- **WHAT THE TASK REQUIRES**
Within the lines below, the span from the line with "Ecstasy Panda - T-Shirt" to the line with "Glasgow Eco Briller", both ends included, is to be reproduced exactly, with pictures omitted.

- **GIVEN RECORDS**

☆ ☆ ☆ ☆

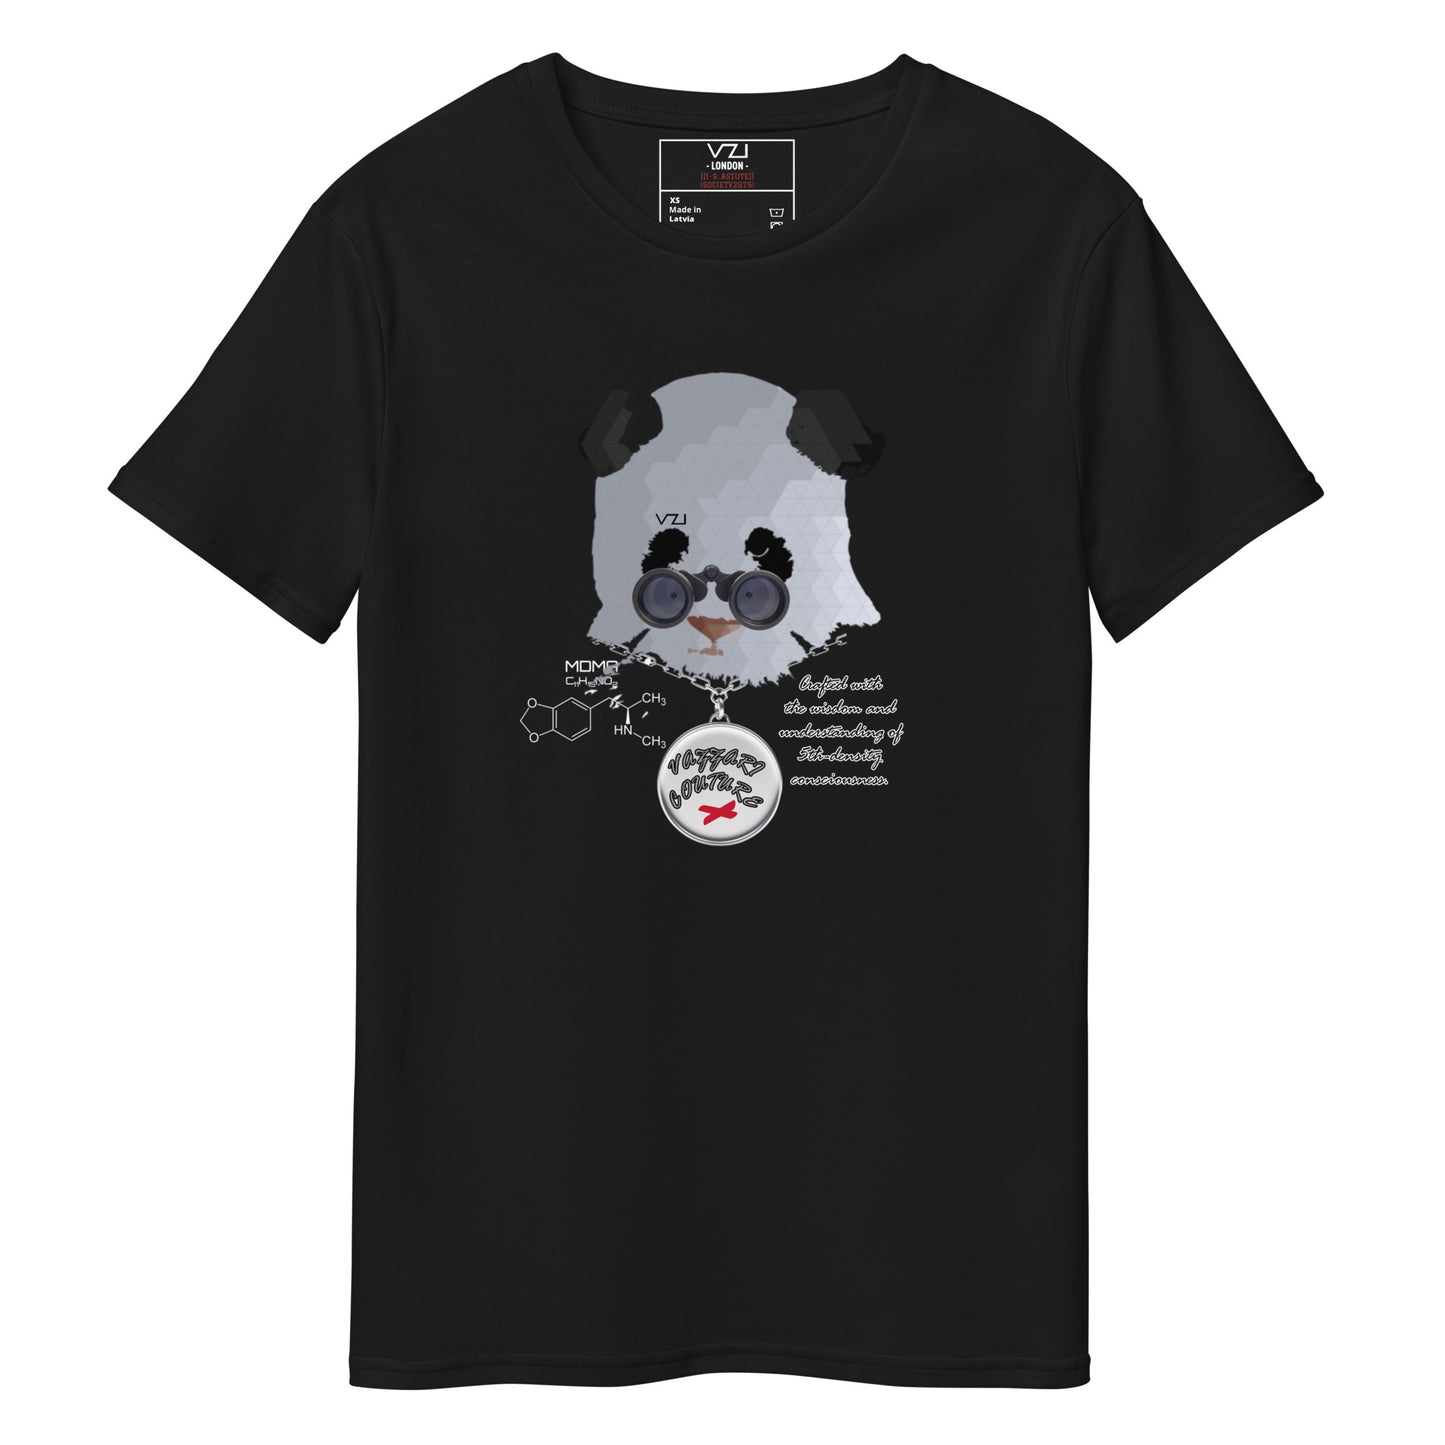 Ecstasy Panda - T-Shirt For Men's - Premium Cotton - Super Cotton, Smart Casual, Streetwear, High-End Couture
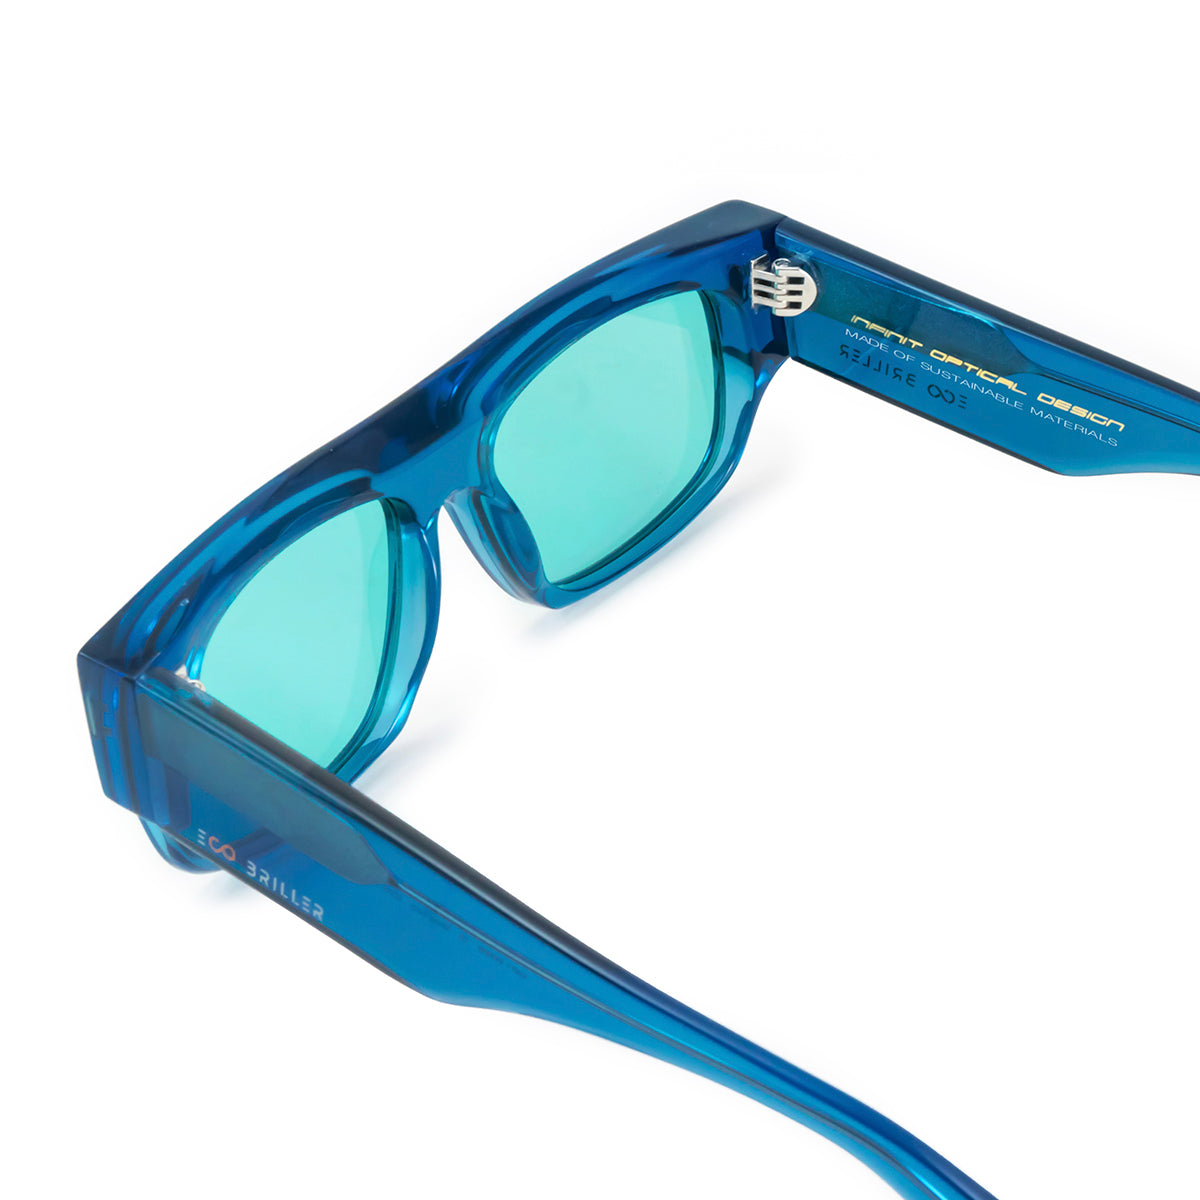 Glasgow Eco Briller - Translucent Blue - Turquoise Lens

☆ ☆ ☆ ☆

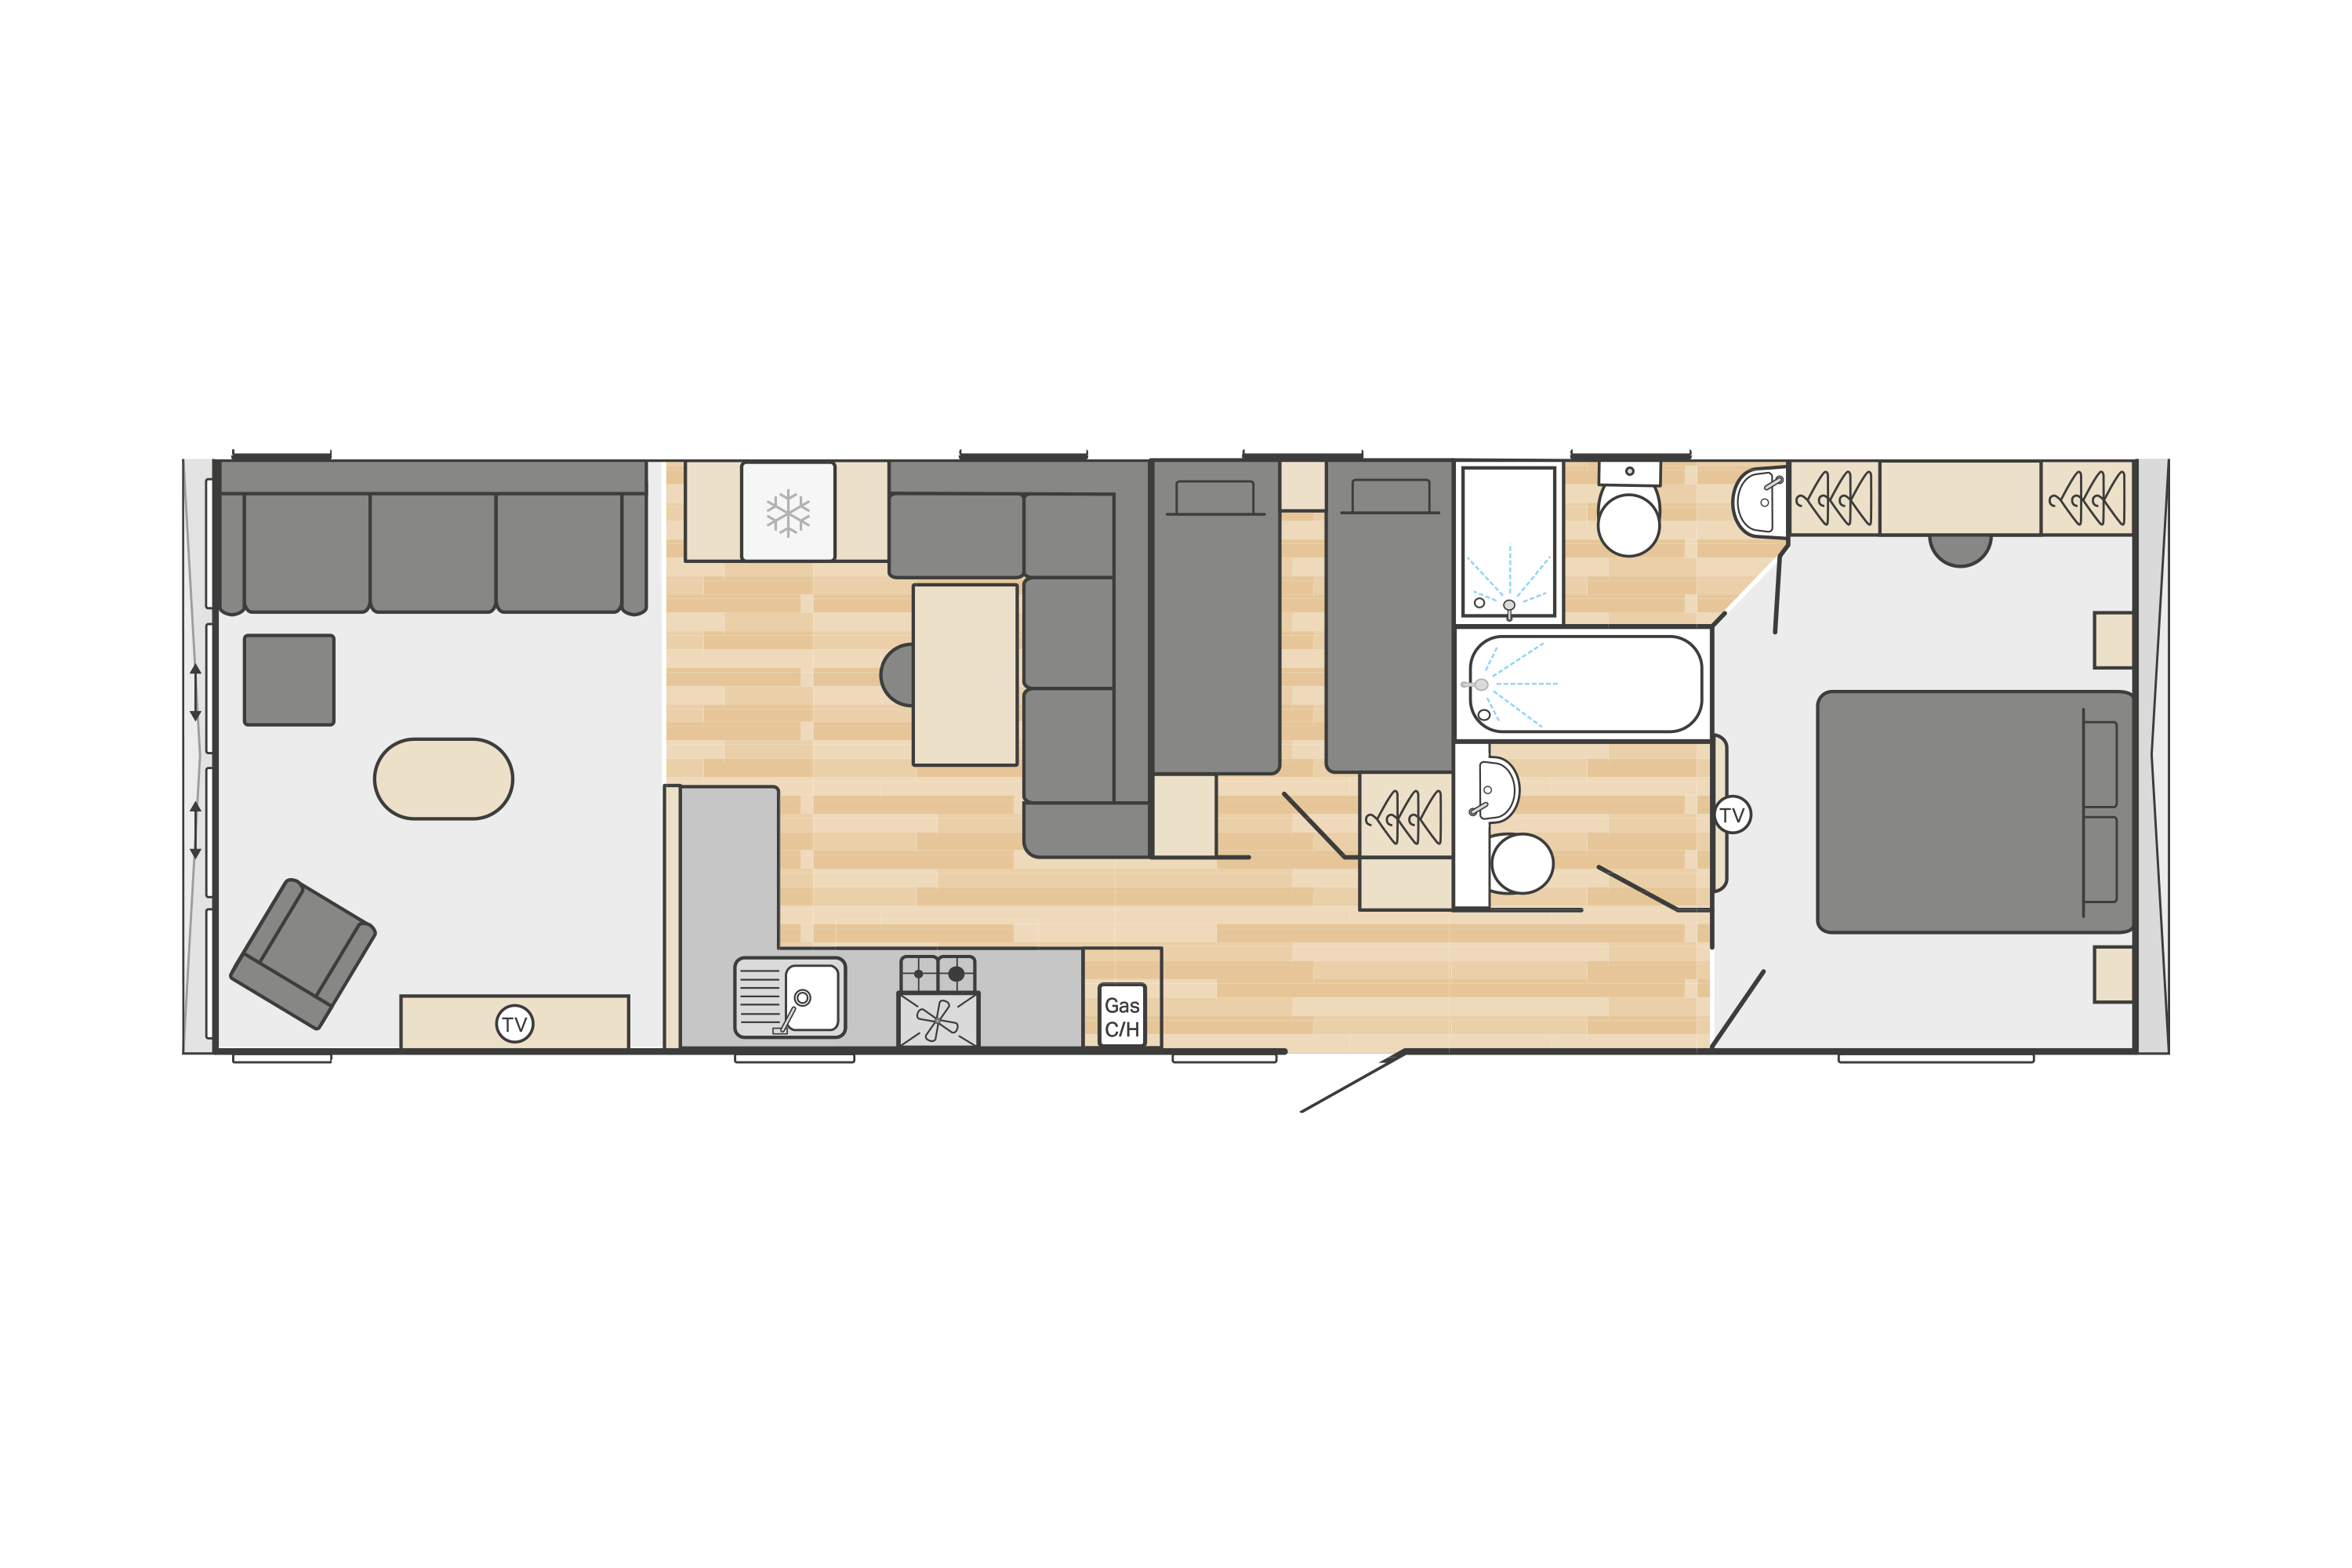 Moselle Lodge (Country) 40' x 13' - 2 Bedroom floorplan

☆ ☆ ☆ ☆

- **RESPONSE TO THE EXERCISE**
 Ecstasy Panda - T-Shirt For Men's - Premium Cotton - Super Cotton, Smart Casual, Streetwear, High-End Couture
 Glasgow Eco Briller - Translucent Blue - Turquoise Lens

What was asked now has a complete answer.